Altuzarra also suggests renting can only further his brand positioning.

Christine Hunsicker – Courtesy

“We rent Altuzarra on Rent the Runway, and to my understanding in the Venn diagram, there is some crossover for customers who will rent and then buy. A large number of customers come to the website and love the product but can’t buy it. This gets them in the door,” he said, adding,

“I see how Gen Z and younger people in my office consume fashion, and they are all renting; many people are well-versed in it. They are discovering brands and, as they age, will be able to become full-price long-term customers.”

He anticipates that a rental system will allow runway-exclusive styles to be produced for customers to experience without buying at full price, thus supporting innovation and artistry.

Hoffman said it’s mind-boggling to see the number of designer and luxury email blasts touting 75 percent markdowns, a common practice that renting could alleviate.

“The younger customer wants it, and the industry knows something needs to change,” he continued.

According to the executive, it has already affected Elyse Walker’s returns, as the rental feature has helped them implement final sale stipulations at lower percentages.
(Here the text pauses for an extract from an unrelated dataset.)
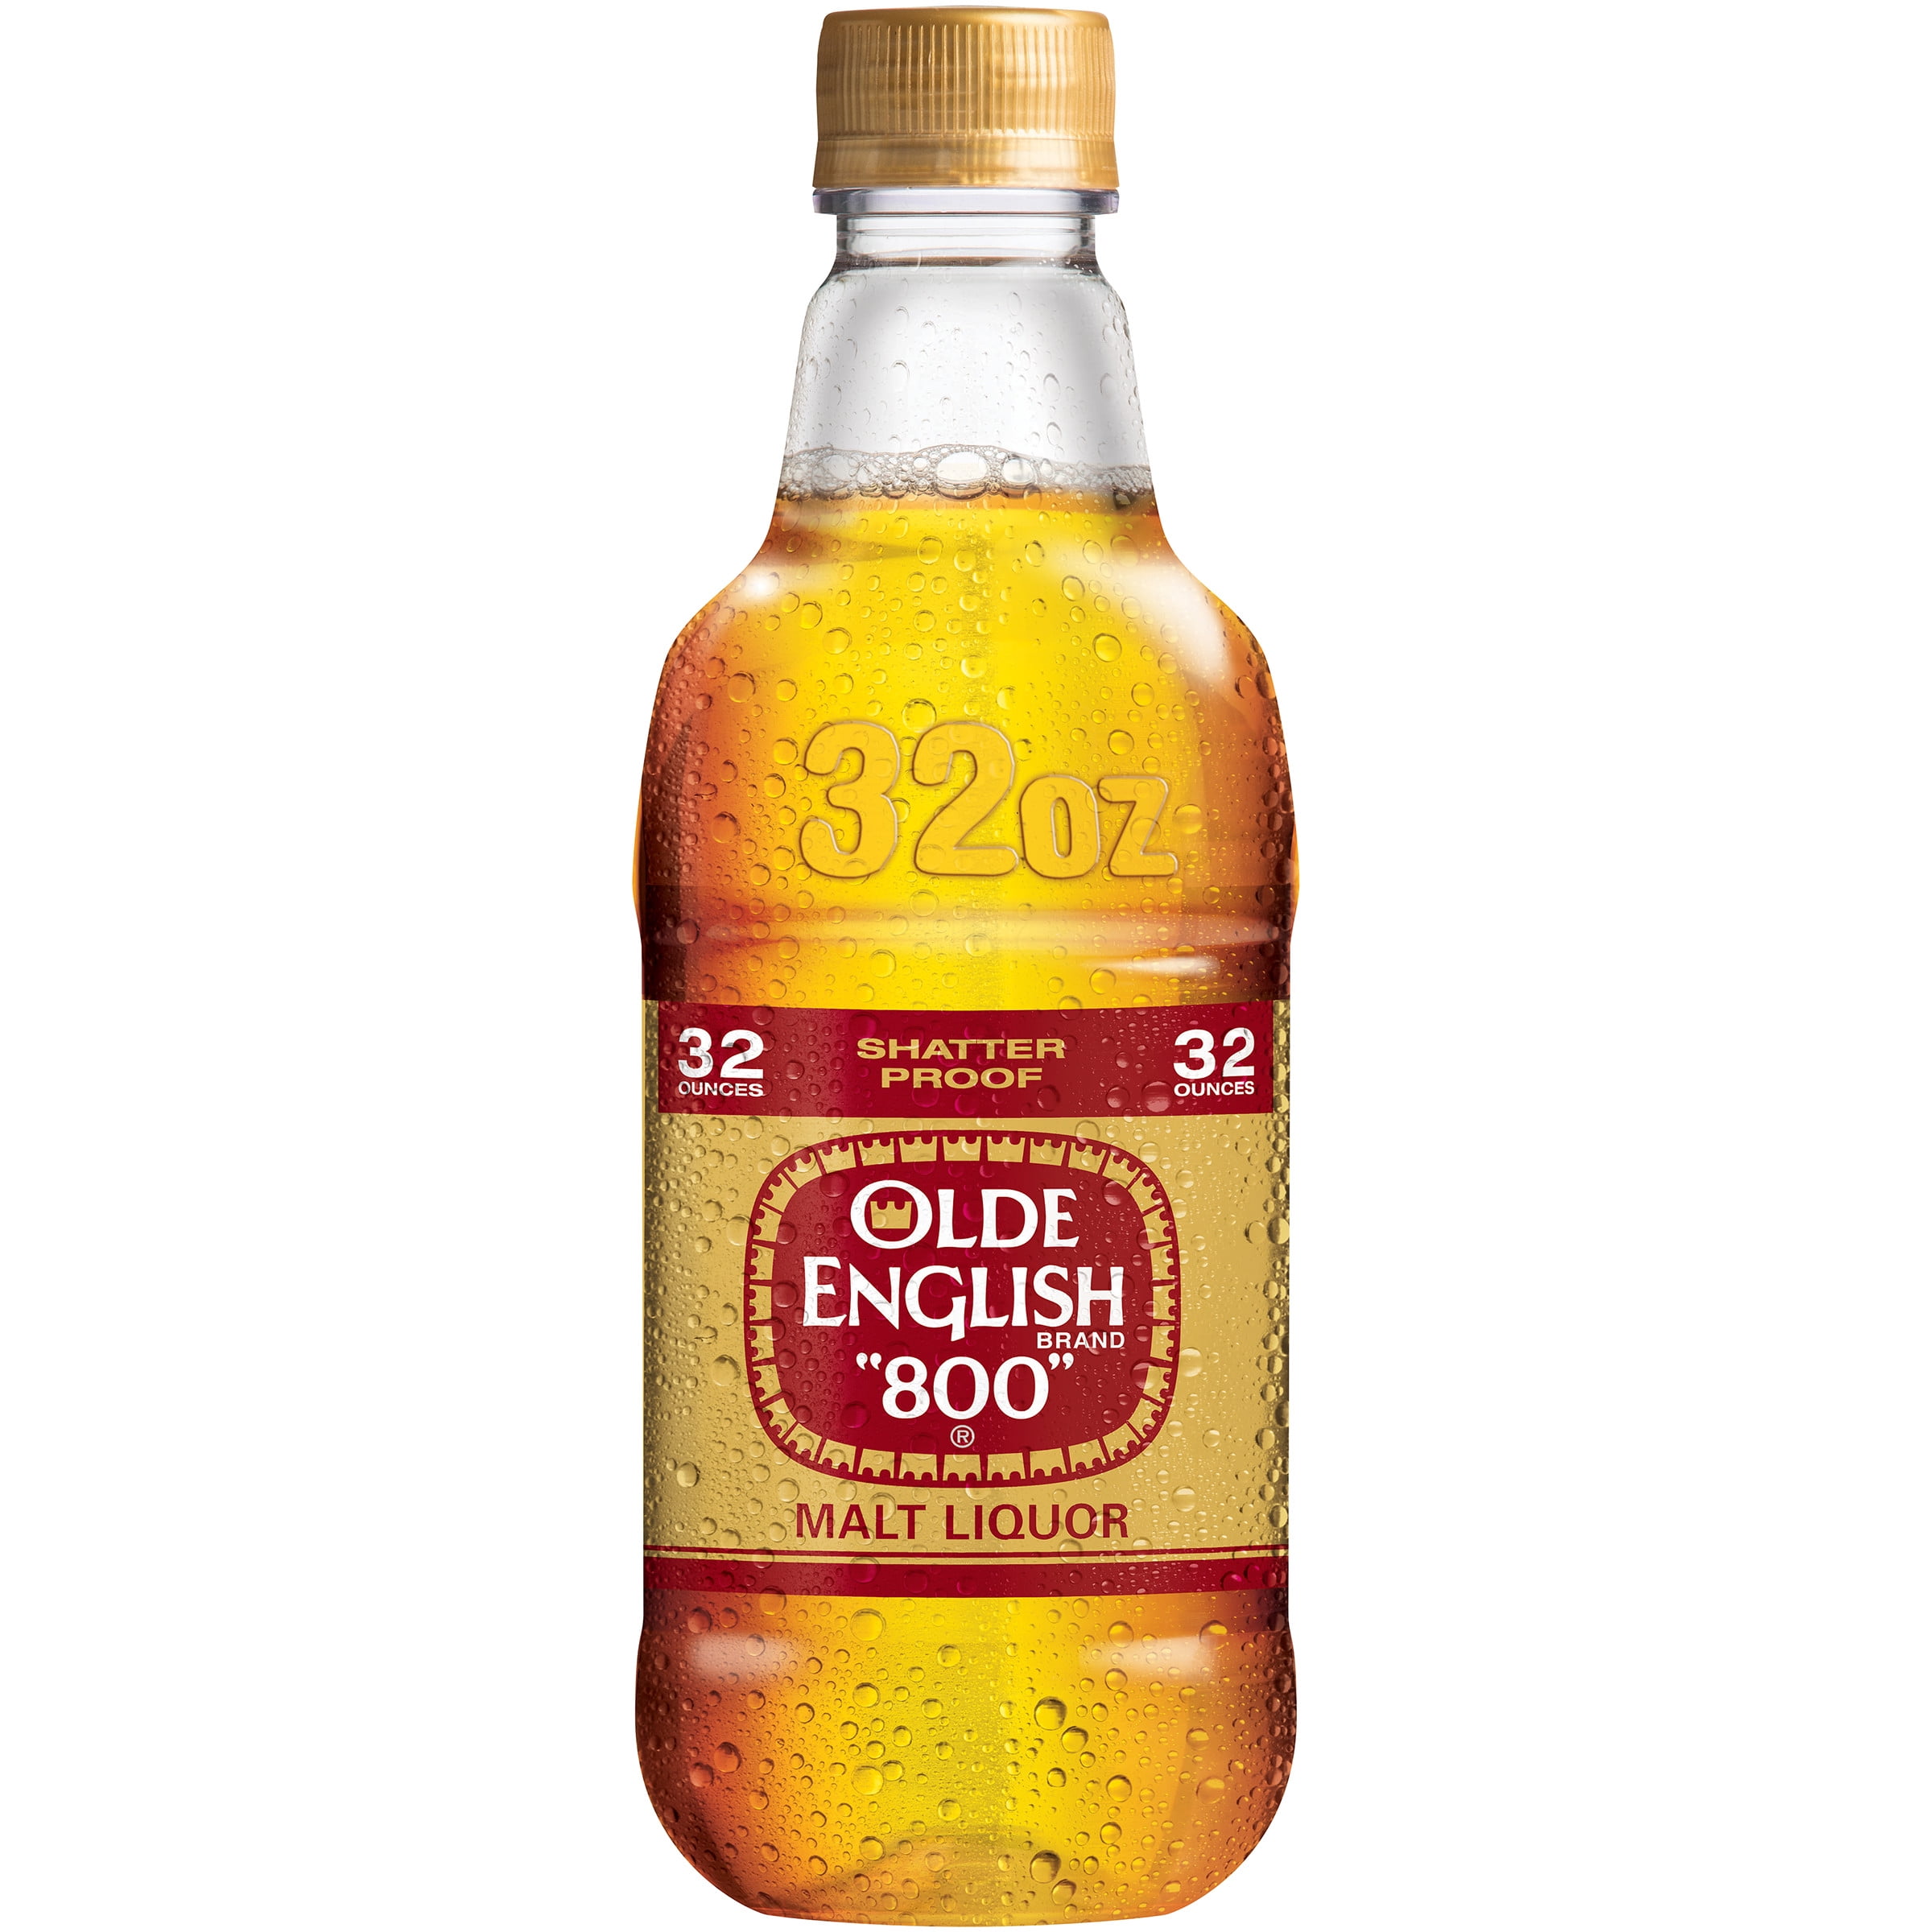 Olde English 800 Malt Liquor. Malt Liquor - Olde English brand 800. Old English пиво. Menace 800 Malt Liquor.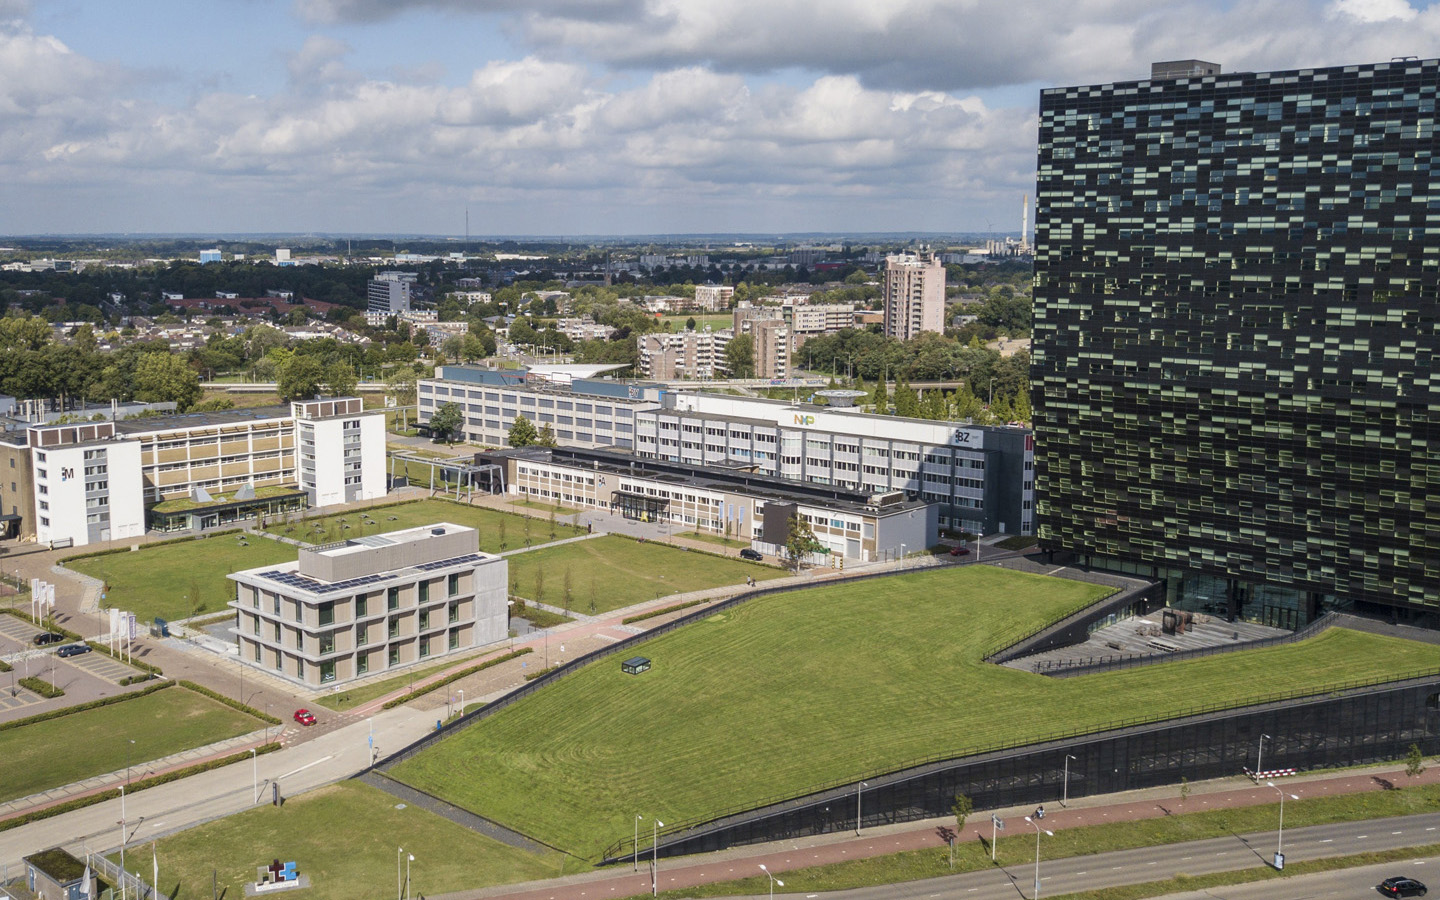 Novio Tech Campus (NTC) in Nijmegen, The Netherlands

“In the last decade, growth was prioritized over profitability, and we saw start-ups that only went for market share and weren’t set up for profitability. What we do at P180 and CaaStle is to raise the floor for your liability; if you know you are getting more for markdown inventory, it gives you more confidence to take risks,” he said.

While all parties are excited for this next phase of retail that will maximize inventory while engaging a new customer to be introduced to the brand, they assured another tried and true way to get to know a designer brand, the sample sale, is here to stay.